So an update on things:

When I confronted my wife about the strip club, she predictably was hung up on the fact that I went through her bank account and I broke her trust, etc. After seeing that I wasn't going along with her thinking on that, she moved on to making comments such as "I bet you're turned on that I went there. You're such a fu&$ing pervert. You're such a creep..." Which is fabulous logic, that she goes to a strip club behind my back and then tries to give me sh&t about it!
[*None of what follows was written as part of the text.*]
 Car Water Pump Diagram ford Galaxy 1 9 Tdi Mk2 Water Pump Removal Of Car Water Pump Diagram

We had been scheduled to travel out of state to visit my family for Thanksgiving. When all of this went down, I fully expected her to start trying to back out of that. She didn't disappoint! First I got a song a a dance about how the dog was sick and she should really stay behind and watch him. Then it moved on to her being sick and she didn't think she should go. Given how she was acting, I wasn't really planning on fighting it, since I needed a break from her anyway. I left yesterday morning, and less than 12 hours later, I started getting text messages about how she's suddenly feeling better and she's wants to go to Las Vegas for the weekend with Chris to "have fun." 
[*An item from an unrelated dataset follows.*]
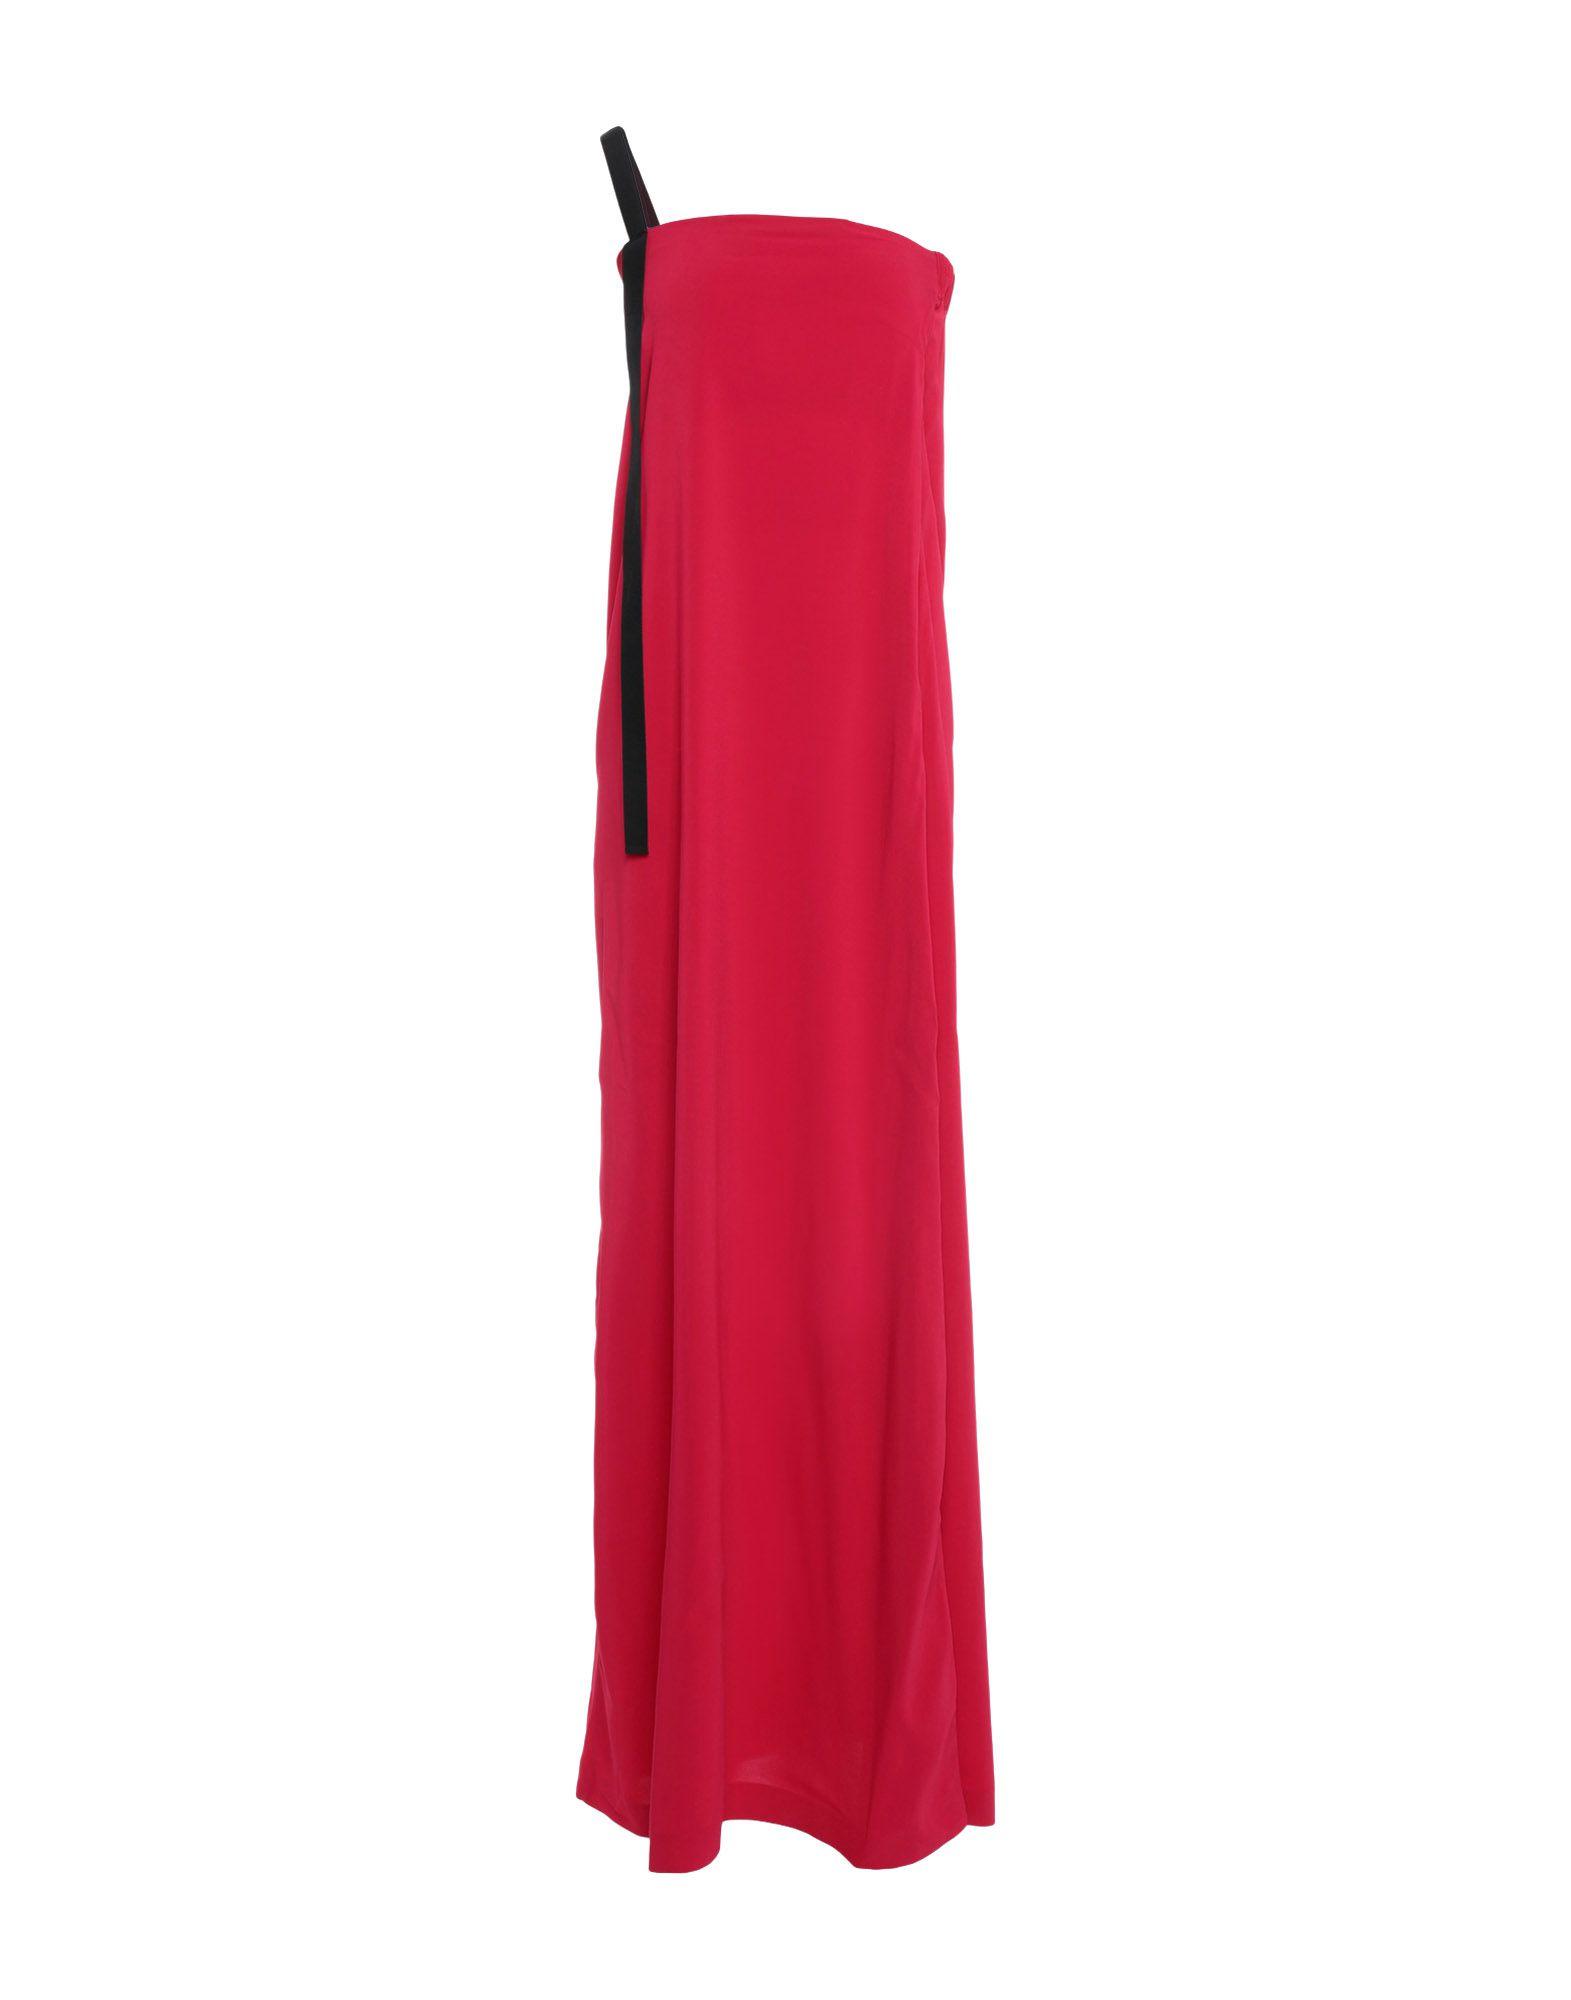 .TESSA Длинное платье 923 зима полный дрель бархат вечернее платье длинное плечо банкет тост одежды тонкий тонкий хост

Then we get to the really bold statement...."if I can just go to Las Vegas and have fun this weekend, when we both get back on Sunday night, I will forgive you for breaking my trust last week (for looking at my bank account) and we can start fresh." I can't help but laugh at the audacity of such a statement and that it is apparently said in all seriousness!
_Posted via Mobile Device_


----------



## farsidejunky (Mar 19, 2014)

Chris has been successful with you wife.

Now...what are you going to do about it?

Sent from my SM-N910V using Tapatalk


----------



## syhoybenden (Feb 21, 2013)

Tell her to stay in Vegas. Maybe get a job there. There's some place, I think it's called the Bunny Ranch, who might be hiring.


----------



## Anon Pink (Jan 17, 2013)

OP, your wife going to the strip club should have been the final nail in the coffin. 

Your wife is depressed and refuses treatment. Full stop. There is only one way to go when a spouse is depressed and refuses treatment and that is progressively down hill not only destroying the marriage but other relationships and financial stability as well. For a full year your wife has continued to sink lower and lower into a bottomless pit of disconnect from ration and reason and while you could not force her into therapy, you could have NOT enabled her.

You can use her current behavior as reasons to give to her or not but what you should do is make plans to divorce. Don't bargain, don't threaten, don't reason, just make plans to divorce. You cannot save a person who does not wish to be saved. 

Whether she lied, slept with her friend, or plans to have a girl orgy in Vegas it doesn't matter. Your marriage is over. Her depression won. Time to save yourself.


----------



## Muse1976 (Apr 25, 2015)

Anon Pink said:


> OP, your wife going to the strip club should have been the final nail in the coffin.
> 
> Your wife is depressed and refuses treatment. Full stop. There is only one way to go when a spouse is depressed and refuses treatment and that is progressively down hill not only destroying the marriage but other relationships and financial stability as well. For a full year your wife has continued to sink lower and lower into a bottomless pit of disconnect from ration and reason and while you could not force her into therapy, you could have NOT enabled her.
> 
> ...


A-freaking-men! Anon

You now have about a 99.9999% chance of being in the betrayed spouses club. What are you going to do about it. 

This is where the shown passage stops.